### WHAT IS REQUIRED
Only the lines from the one that includes "KENNEDY TOOL BOXES" through the last line below belong in the reply, copied exactly and without pictures.

### STORED DATA
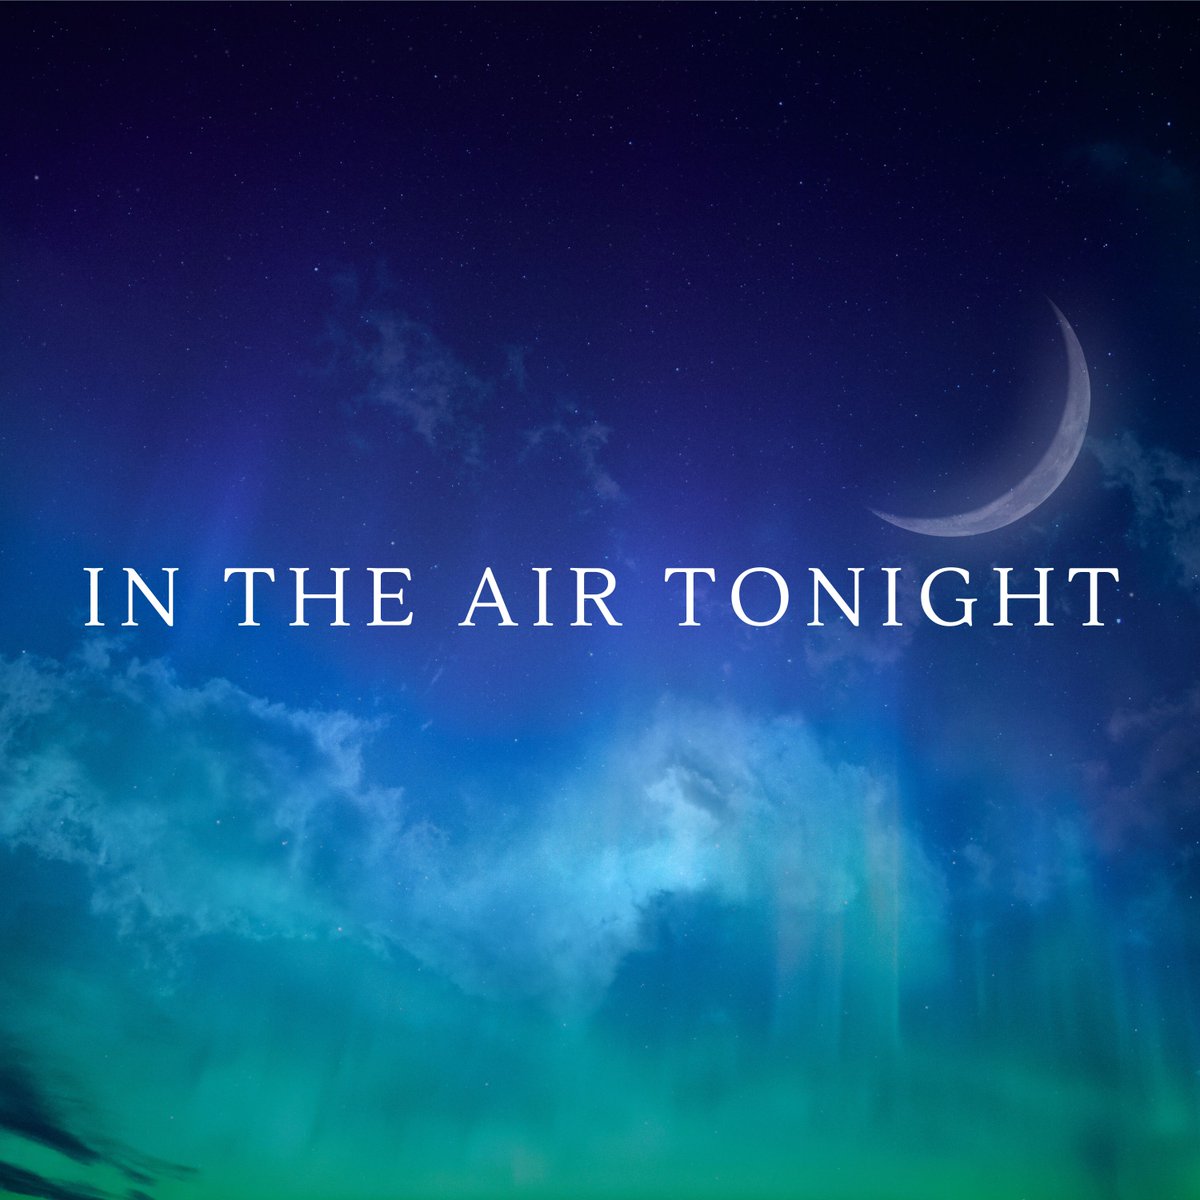 Fan of Phil Collin's 'In the Air Tonight'? - My acoustic version is out now on all platforms! :) rfr.bz/t9j645z What cover should I do next?? #coversong #cover #acousticversion #acousticcover
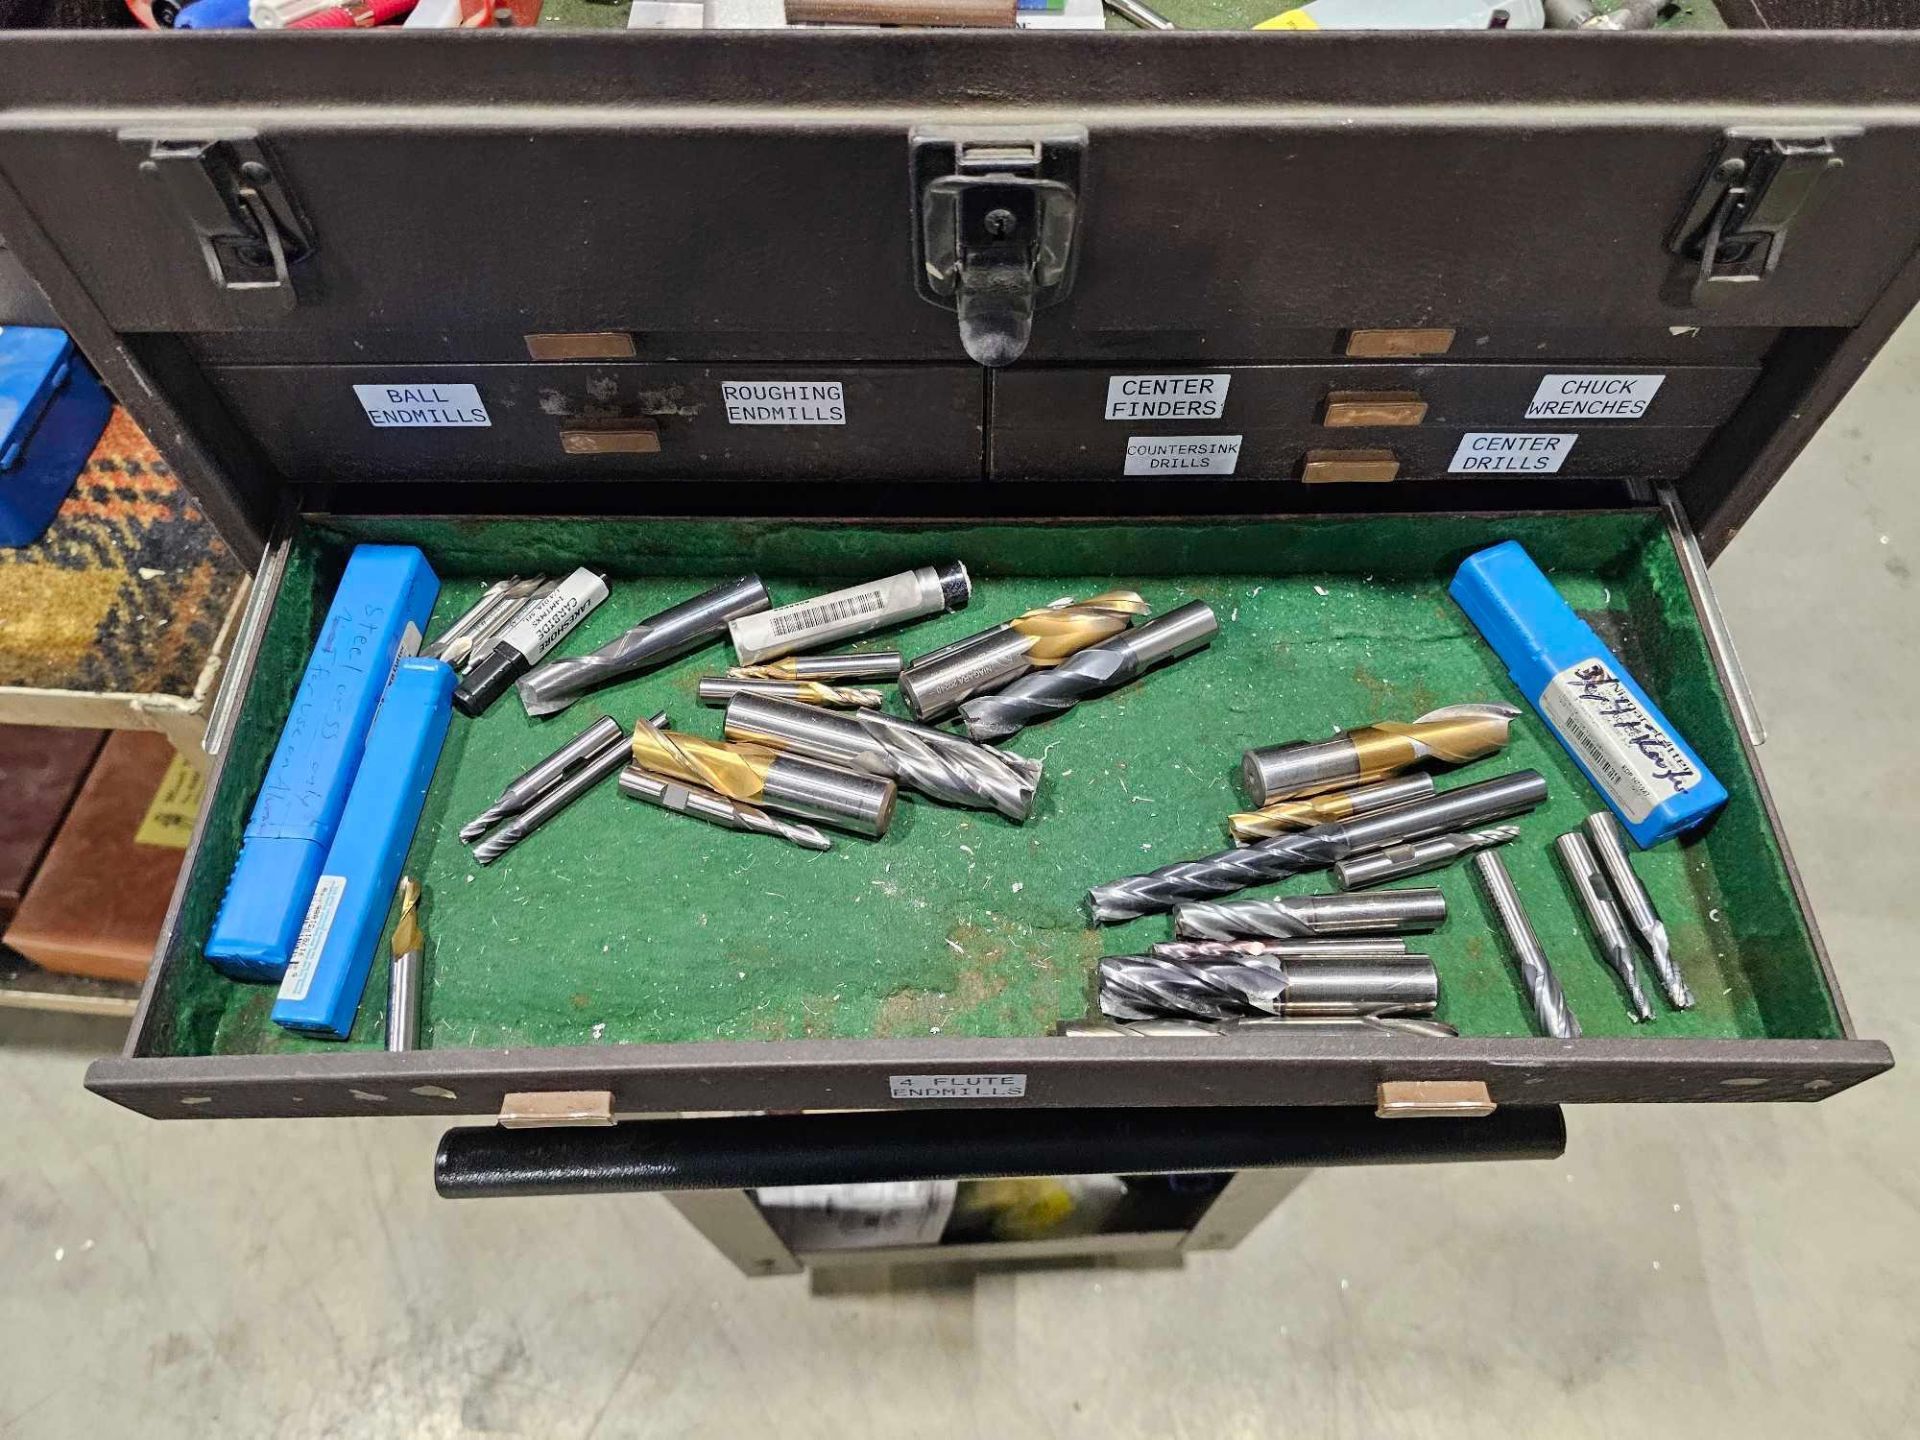 KENNEDY TOOL BOXES LOADED WITH MACHINISTS TOOLS AND MEASURING DEVICES - Image 34 of 45
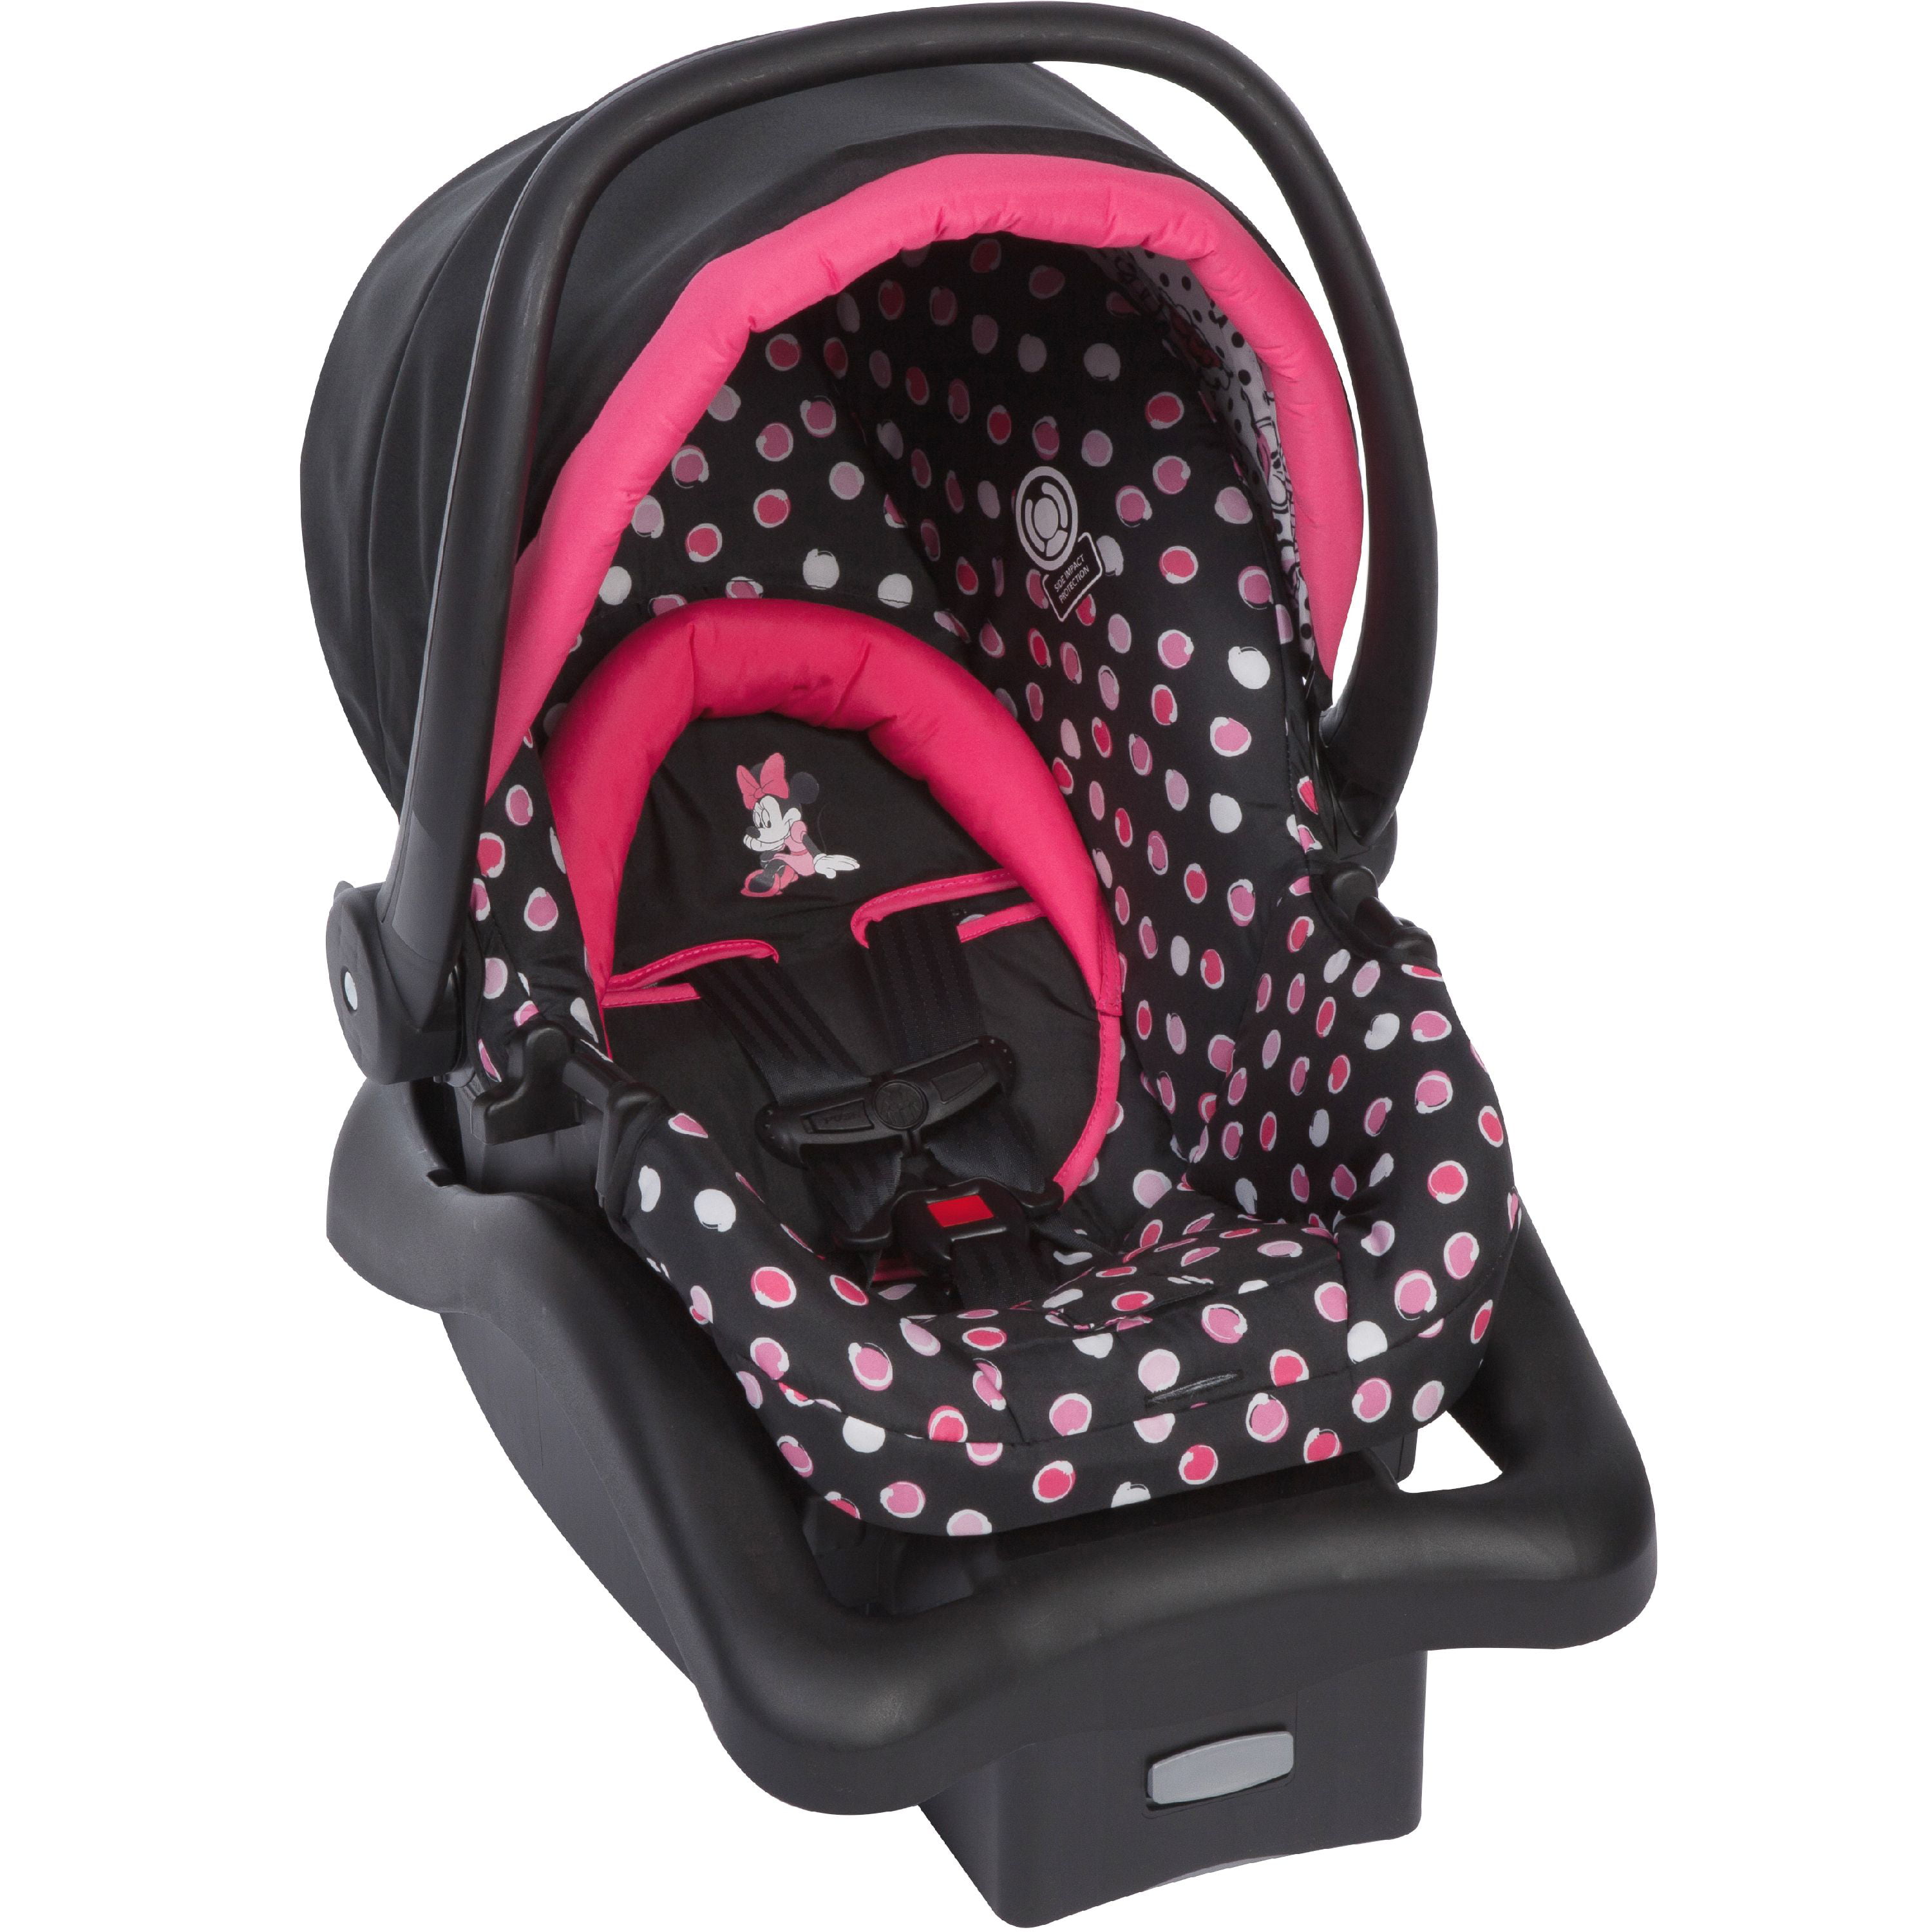 minnie mouse car seat and stroller walmart

### EXPECTED ANSWER
 KENNEDY TOOL BOXES LOADED WITH MACHINISTS TOOLS AND MEASURING DEVICES - Image 34 of 45
 minnie mouse car seat and stroller walmart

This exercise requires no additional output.